Изменить стиль страницы

Валерий поравнялся с парнем и только тут обратил внимание, что это негр. Парень хмуро глядел большими навыкате глазами. Валерий взял у негра газету, показал пальцем в фотографию, на которой боксер был изображен крупным планом, потом ткнул себя в грудь.

– Это – я… я… Рокотов… Понимаешь? Русский боксер.

Негр недовольно глянул на странного белого, посмотрел на снимок, снова перевел глаза, и его пухлые губы расплылись в дружеской улыбке, обнажая белые зубы.

– О! Боксер! – он узнал Рокотова.

Взяв шариковую ручку, Валерий на газете нарисовал волнистые линии и латинскими буквами написал «Темза». Негр понимающе закивал:

– Темза… Темза! – и рукой изобразил волны.

Рокотов быстро набросал контуры парохода. Негр снова закивал. Тогда Валерий показал беспомощно развел руками:

– Заблудился… Понимаешь?

Но вот этого негр не понимал. Он преданно смотрел большими навыкате глазами и беспомощно пожимал плечами. Валерий дважды принимался объяснять все сначала, и наконец негр понял.
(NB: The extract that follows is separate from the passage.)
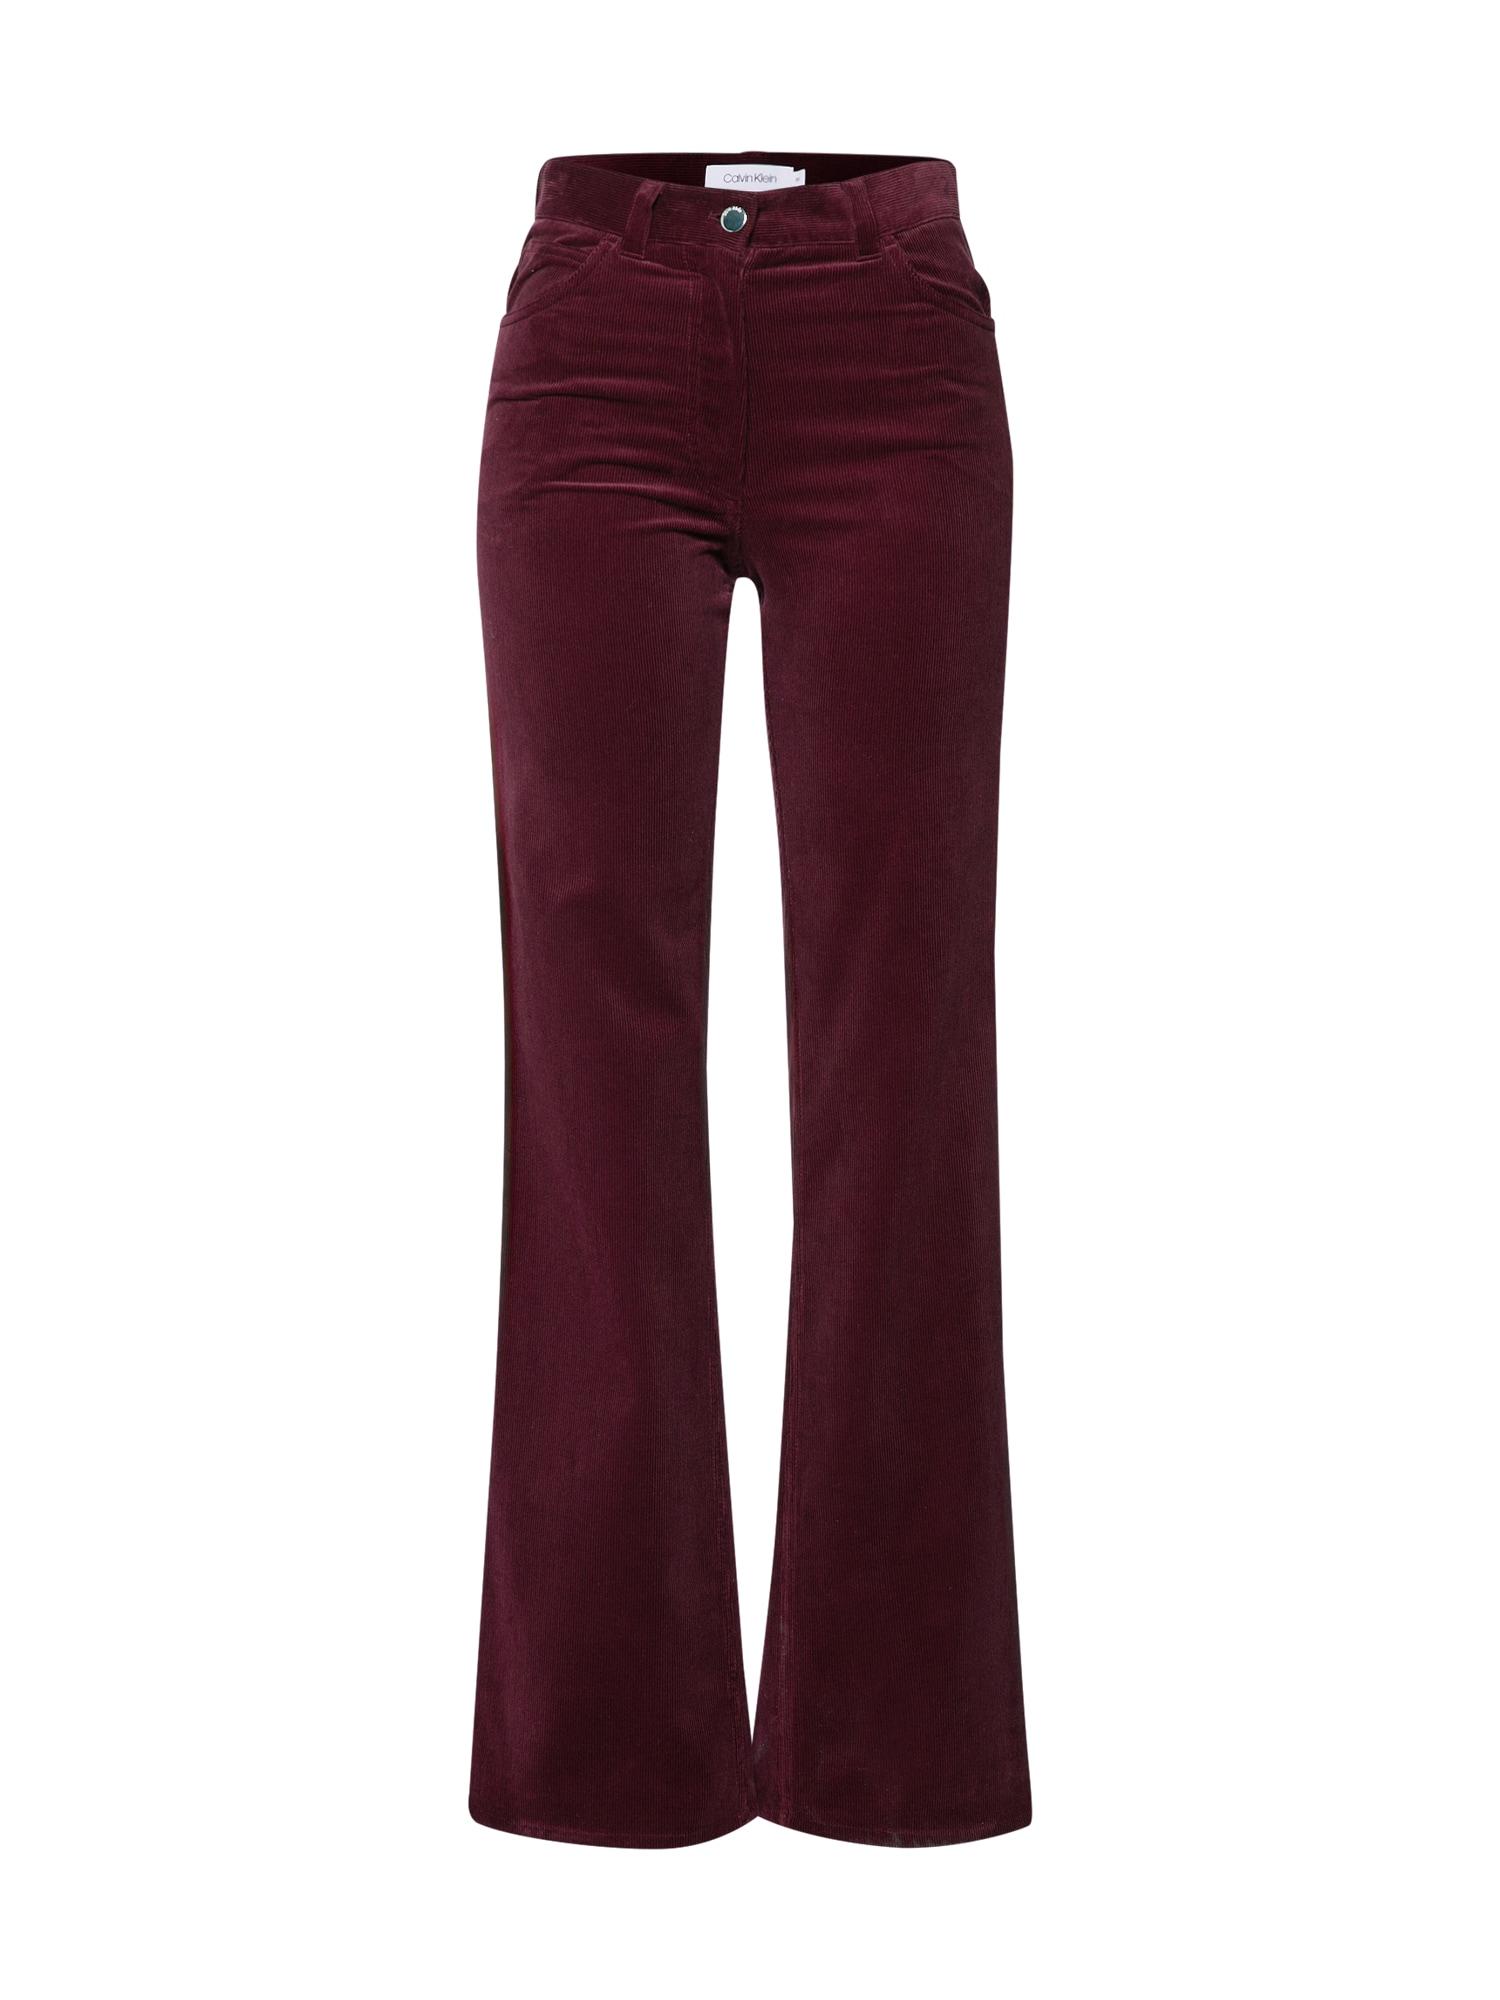 Kalhoty CORDUROY dunkelrot Calvin Klein
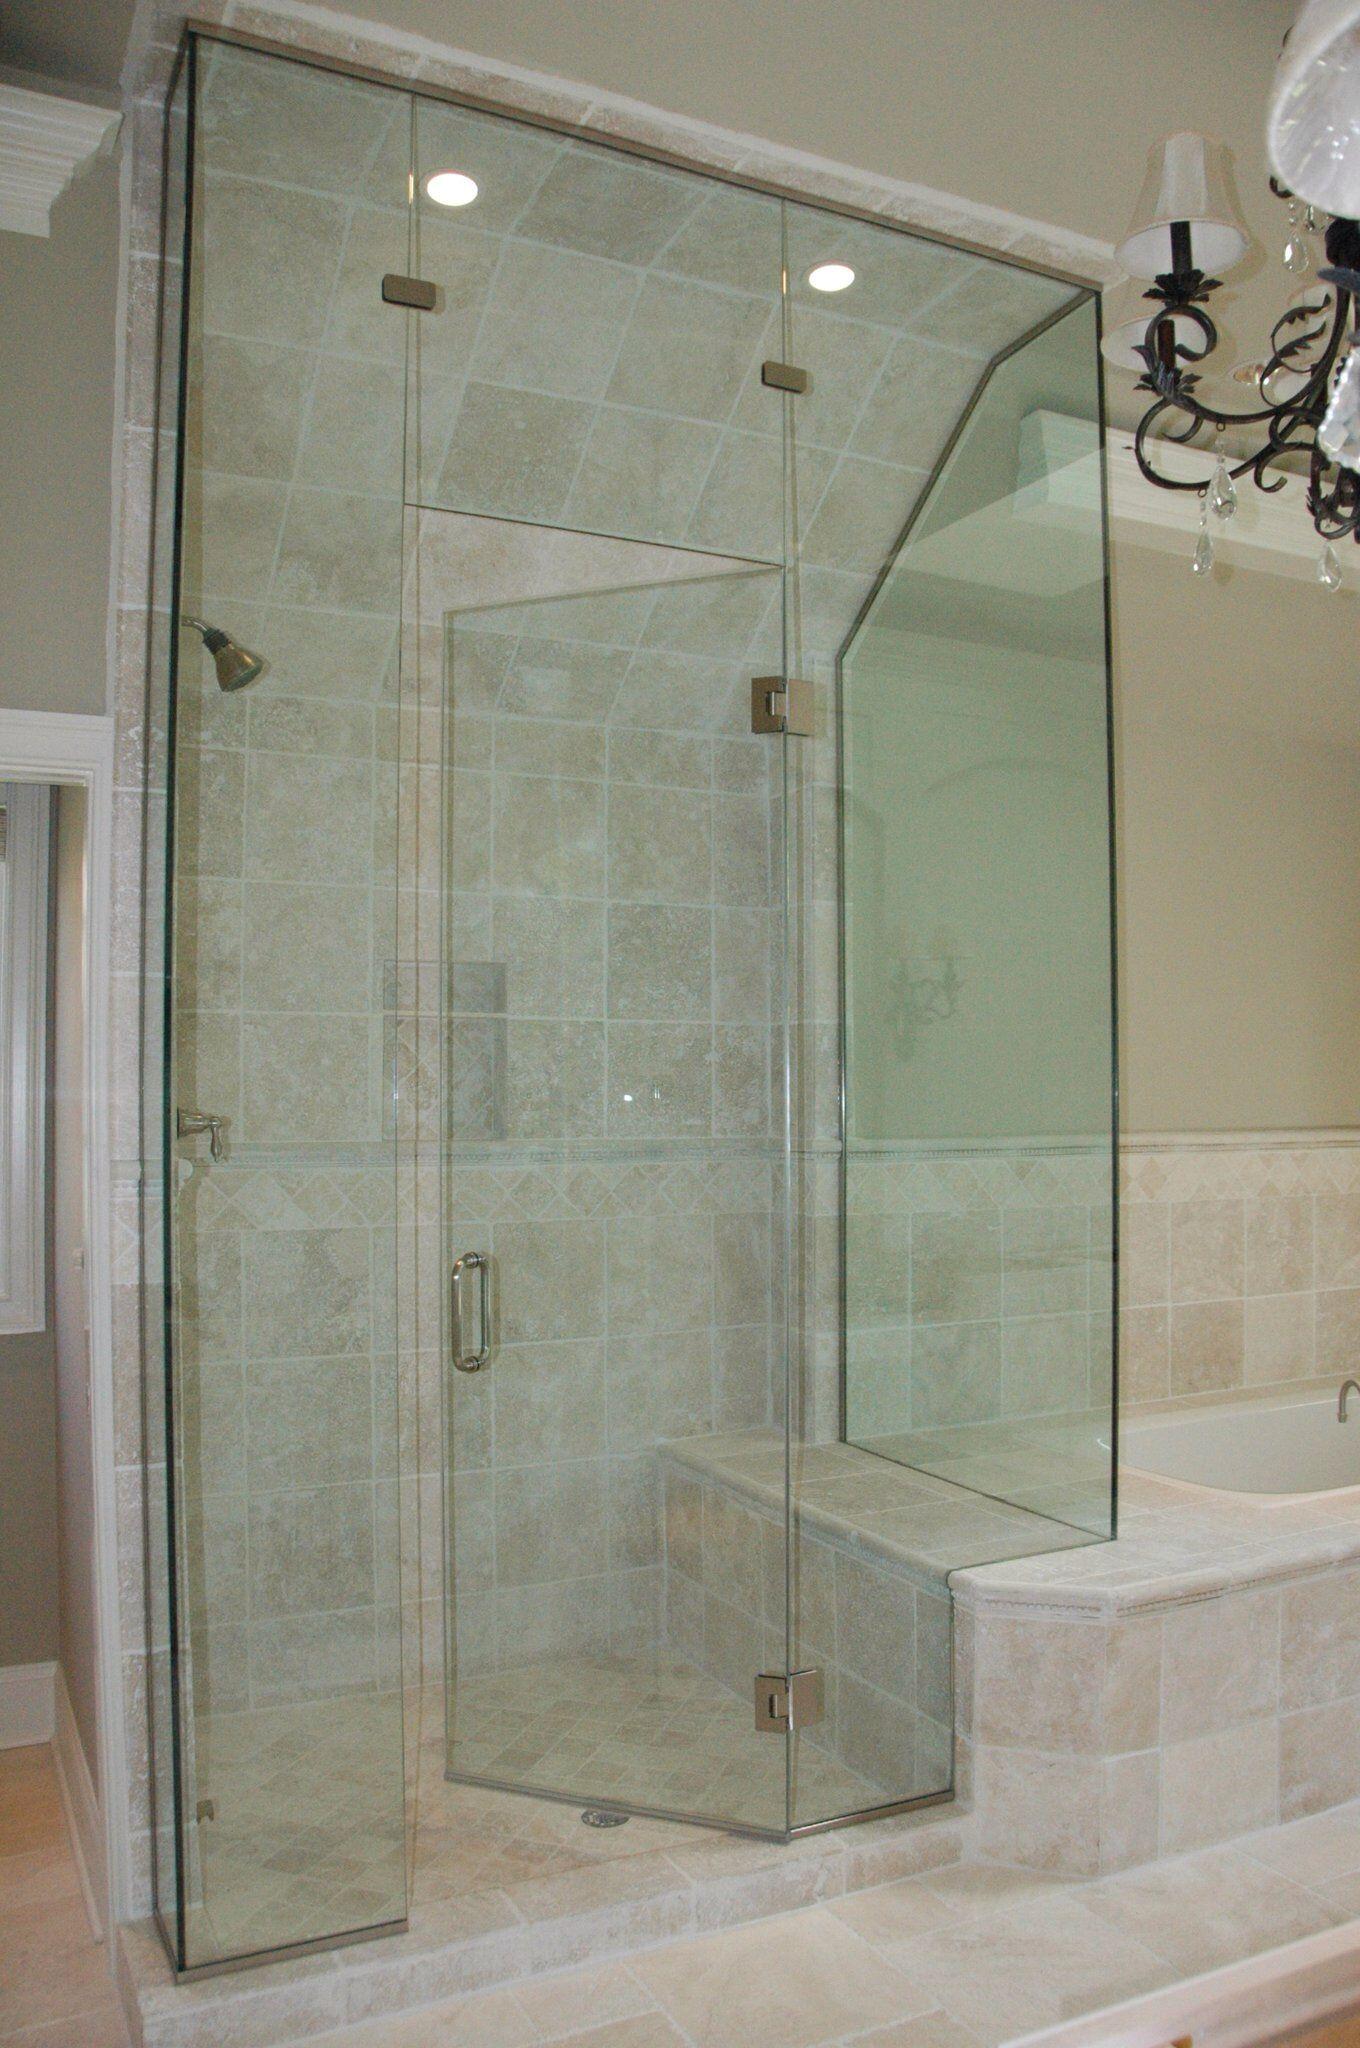 Frameless Clear Glass Shower Enclosure Bathroom Interior Glass Shower Enclosures Glass Shower

Рокотов обрадованно заговорил:

– Друг, выручай… Темза! Порт!..

Тот все больше хмурился.

Надо выручать хорошего русского боксера, который привел на банкет жену знаменитого Джефферсона и посадил ее рядом с белыми. Об этом сегодня говорит весь город, об этом пишут газеты, одни со злобой, другие с восхищением. Нет, Том сделает все, чтобы русский парень вовремя попал на теплоход!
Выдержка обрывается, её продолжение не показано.